Fusion Pattern Verification

In the inference scenario, you can use the command parameter enable_scope_fusion_passes to specify the fusion pattern to take effect during model conversion to check whether the fusion pattern takes effect. The following provides the verification method based on the tf_scope_fusion_pass fusion pattern:

  1. Construct a model containing Decode Scope. Before constructing a model, you need to install the following third-party software and library dependencies:

    Generate a model as follows:

    1. Assume that the downloaded object_detection library is stored in <third_party_dir> and the working directory is <work_dir>. Run the following commands in the working directory:

      mkdir -p official/vision/detection/utils

      cp -r <third_party_dir>/official/vision/detection/utils/object_detection <work_dir>/official/vision/detection/utils/

    2. Create the gen_decode_bbox.py python script in <work_dir> as follows:

      import tensorflow as tf
      import numpy as np
      from official.vision.detection.utils.object_detection import faster_rcnn_box_coder
      from official.vision.detection.utils.object_detection import box_list
      
      def get_operator(input_data, scales, output_data=None):
          input_data_0 = tf.cast(input_data[0], tf.float32)
          input_data_1 = tf.cast(input_data[1], tf.float32)
          anchors = box_list.BoxList(input_data_0)
          coder = faster_rcnn_box_coder.FasterRcnnBoxCoder(scale_factors=scales)
          boxes = coder.decode(input_data_1, anchors).get()
          boxes_fp16 = tf.cast(boxes, tf.float16)
          return boxes_fp16
      
      def main(unused_argv):
          scales = [2.0, 3.0, 4.0, 5.0];
          shape_params = (96, 4)
          dtype_params = np.float16
          x_data = np.random.uniform(-2, 2, size=shape_params).astype(dtype_params)
          y_data = np.random.uniform(-2, 2, size=shape_params).astype(dtype_params)
      
          tf.compat.v1.disable_eager_execution()
          x = tf.compat.v1.placeholder(dtype_params, shape=shape_params)
          y = tf.compat.v1.placeholder(dtype_params, shape=shape_params)
          input_data = [x, y]
          output = get_operator(input_data, scales)
          with tf.compat.v1.Session() as session:
              result = session.run(output, feed_dict={x: x_data, y: y_data})
              # save the model
              tf.io.write_graph(session.graph_def, 'results', 'decode_bbox_v2.pb', as_text=False)
          print('====== End of the generated file ======')
      
      if __name__ == "__main__":
          main(None)
      
      
    3. Run the script.

      python3 gen_decode_bbox.py

    4. Find the generated .pb file in the <work_dir>/results/ directory.
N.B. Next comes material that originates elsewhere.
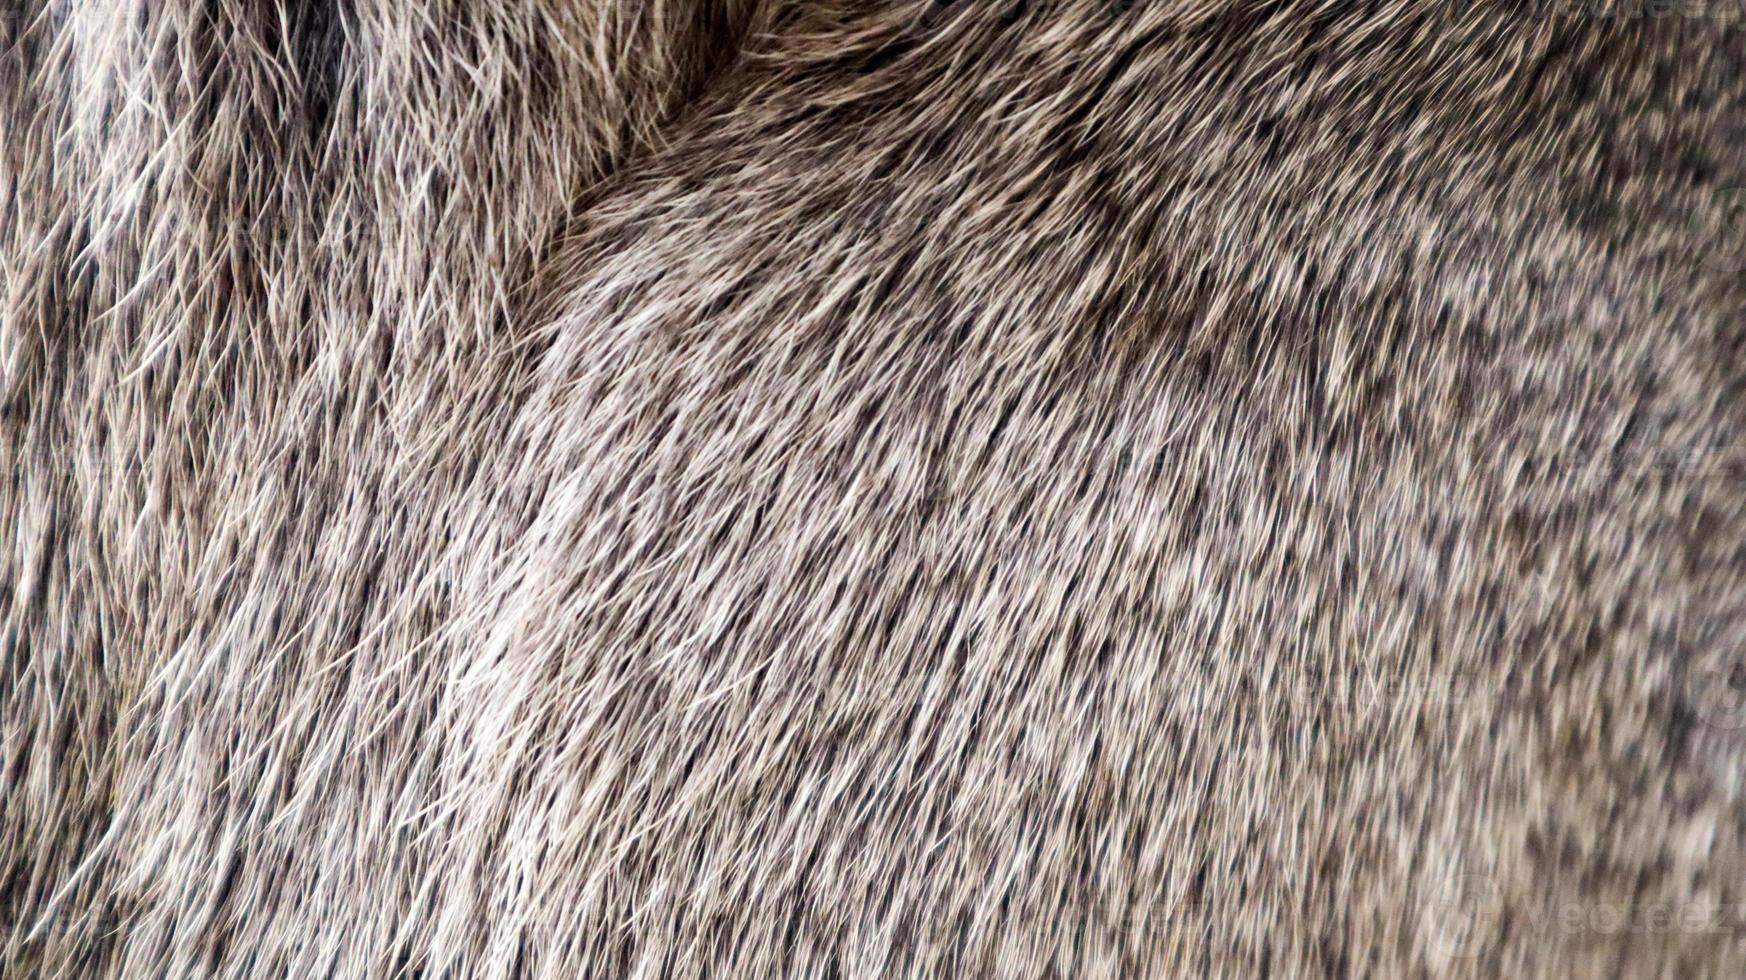 Mule deer fur background texture image. Gray fur close-up. Thailand Fur of deer female photo

  2. Build and verify the scope fusion result.

    1. Set the environment variables.

      After configuring the basic environment variables of the CANN software, run the export command to declare the following environment variables on the current terminal.

      export DUMP_GE_GRAPH=3     # Set the graph dump mode. In this case, only the node relationships are dumped.
      export DUMP_GRAPH_LEVEL=3  # Set the graph to dump. Only the generated built graph is dumped.
      
    2. During model conversion, --enable_scope_fusion_passes is used to specify the pattern name.

      atc --model=decode_bbox_v2.pb --framework=3 --output=mymodel --soc_version=${soc_version} --enable_scope_fusion_passes=DecodeBboxV2ScopeFusionPass --log=info

      In the preceding command, soc_version specifies the model of the Ascend AI Processor. Replace it with the actual version.

      It is the exact name of the .ini file in compiler/data/platform_config in the ATC installation path.

  3. Verify the result.

    1. You can view the pattern setting in the INFO log.

      1. Log for enabling a fusion pattern:

        SetPassEnableFlag:enable flag of scope fusion pass:DecodeBboxV2ScopeFusionPass is set with true.
        
      2. Log for creating a fusion pattern:

        CreateScopeFusionPass:Create scope fusion pass, pass name = DecodeBboxV2ScopeFusionPass.
        
      3. Log for matching a fusion pattern:

        Run:[scope_fusion] Scope pass DecodeBboxV2ScopeFusionPass's patterns is matched.
        
    2. Find the fused operator DecodeBboxV2 and its attributes in the dumped ge_proto_xxxxx_Build.txt graph.

      NOTE:

      This method also applies to many-to-many scope fusion verification.